He turned his attention back to communication, fine-tuning the crawler’s radio to the relay system. A voice check confirmed that Aichi, the four searchers, and the dispatcher at Nortlf-Down were all able to hear him.
Marie stopped the crawler, to his surprise, before any report came in from the foot searchers. As he glanced at her, mystified, she pointed to the right. He gazed in that direction and gestured understanding.
Some ten miles north of North-Down lies a two-mile crater. It is not the only such depression on the floor of Taruntius X. But it is the sole depression even close to that size along the straight path from North-Down to Picard G. Marie knew that Aichi had not dropped his first search party until reaching the valley, so she was pretty sure that this crater had not been searched. She also considered it a likely place to tempt a newcomer to the Moon into taking a close look. Jim Talles smiled in unspoken agreement.
A two-mile circle has an area of more than three square miles, which can use up a great deal of search time. It was fortunate that a check of the circumference proved sufficient. No boots of Rick’s type had crossed the rim except two that were overlaid, as a few minutes’ follow-up showed, by later prints. Even so, half an hour was lost.
Marie had remained at the radio while Talles and three others had gone out. As soon as they were inside again, she started the crawler.

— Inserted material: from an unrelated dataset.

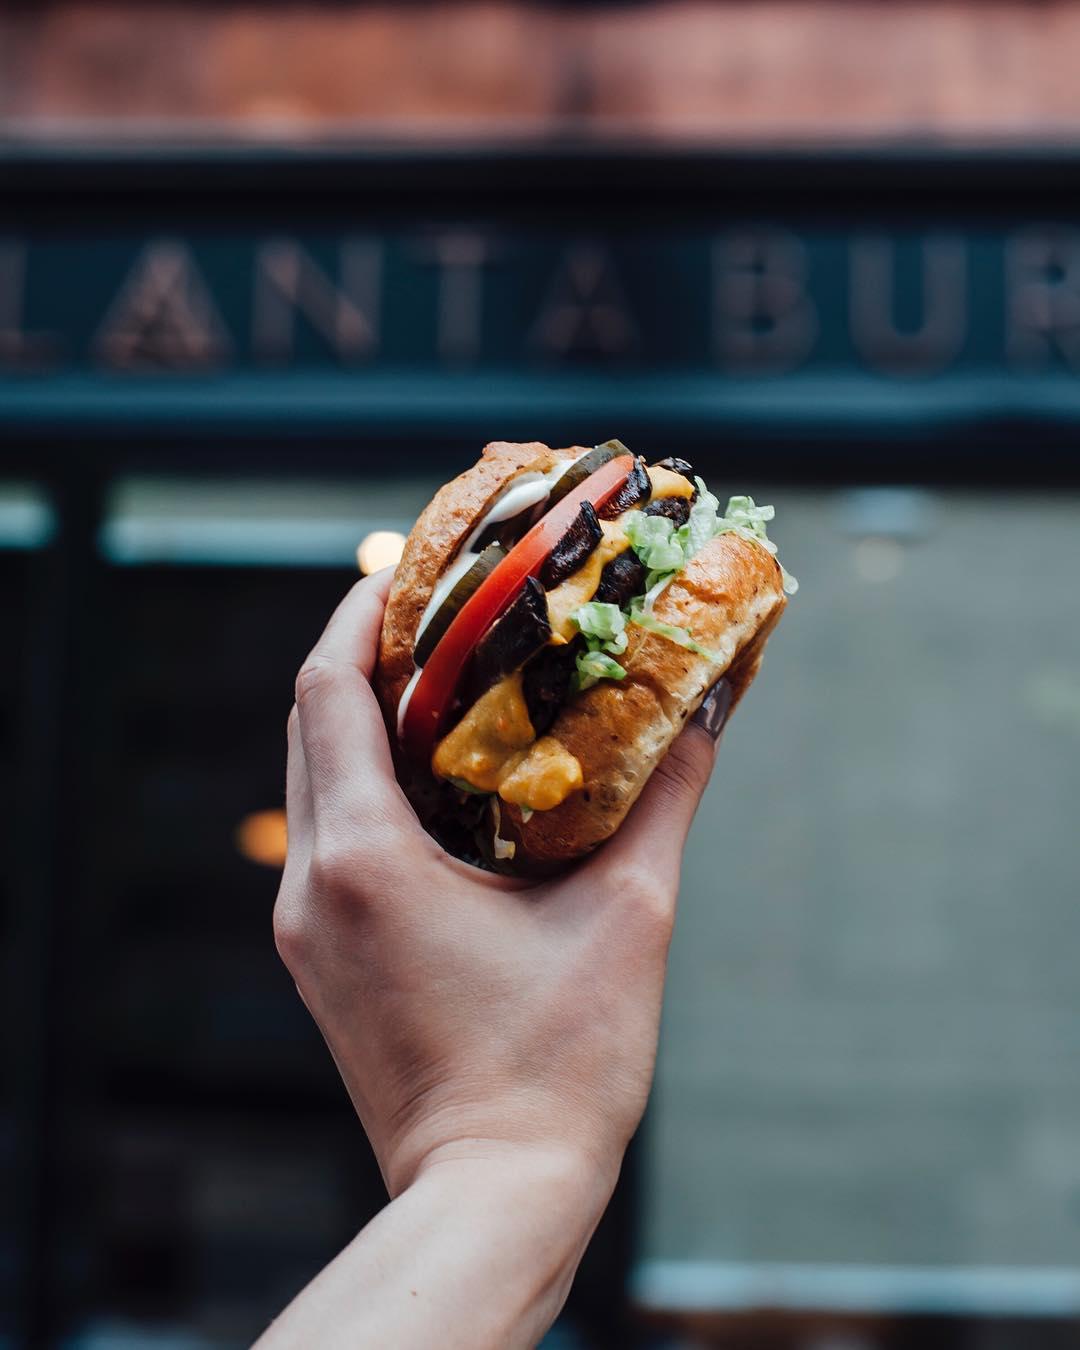 planta burger vegan plant based

“Digger and Anna reported. They can’t find anything at the hill she picked,” the girl said. “They’ve moved to the west and are still looking. But—but all the reasonable possibilities seem wrong! Maybe we ought to try the unreasonable.”

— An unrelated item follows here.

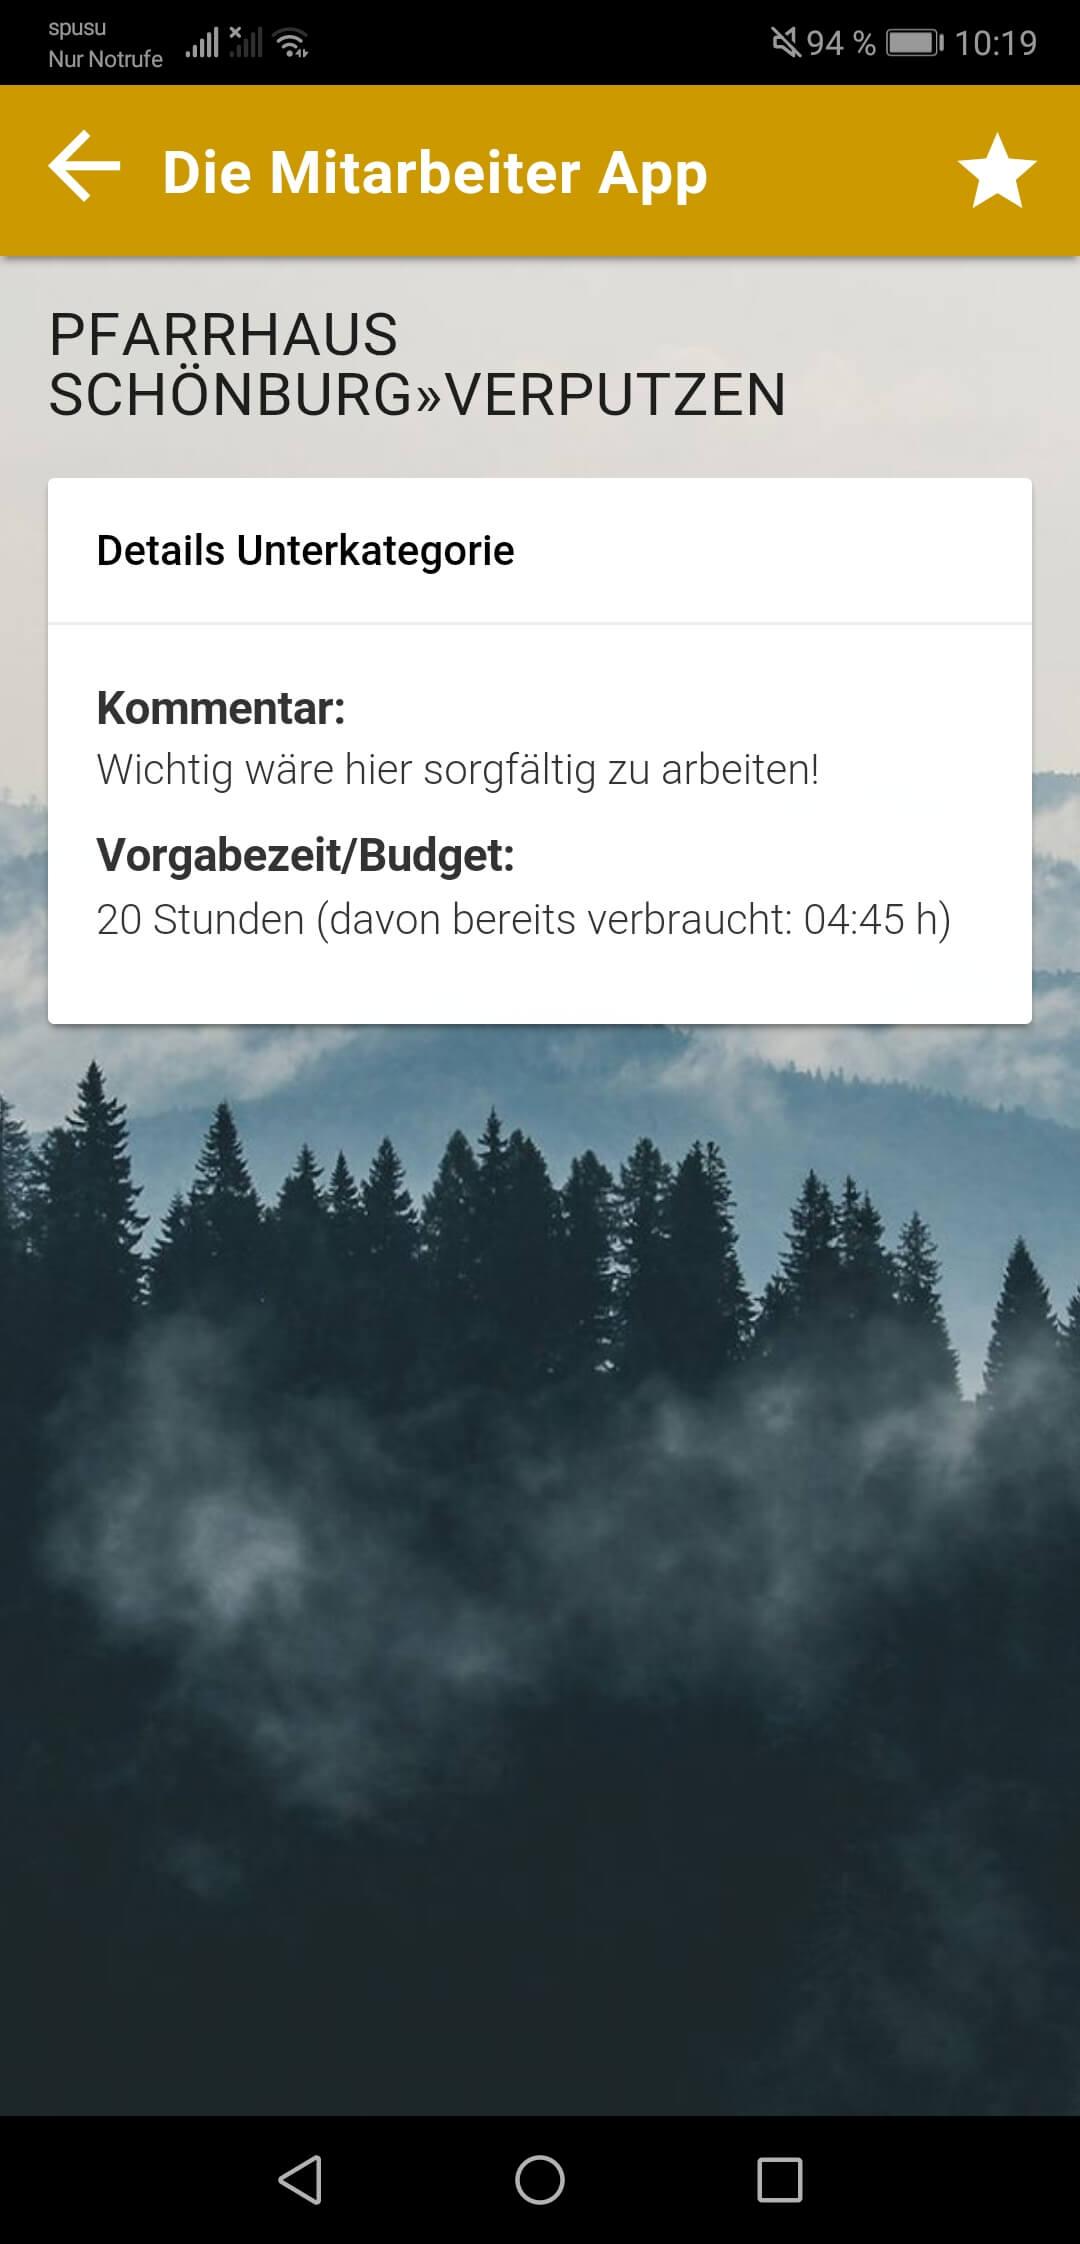 Zeitbudgets für Unterkategorien in der App

“Or the more reasonable,” Jim Talles said.
The crawler passed no more likely-looking stopping places before reaching the valley. There were a few bubbles along the way—lava pits whose thin glass ceilings sometimes gave way under weight—but the known ones had all been checked by the searchers and no new holes had been noted.
An hour and twenty minutes after leaving North-Down, Marie brought the crawler to a halt beside two spacesuited figures. Digger and Anna were waiting at the foot of the rise that marked the southern boundary of Picard G. That feature is irregular—but much less so than Taruntius X, and its southern side in particular is much less steep than usual for the inner slope of a Lunar walled plain. It ‘seemed doubtful that Rick could have lost himself here. The climbing was safe, hardly to be considered climbing at all. There were comparatively few places where radio contact would be a problem.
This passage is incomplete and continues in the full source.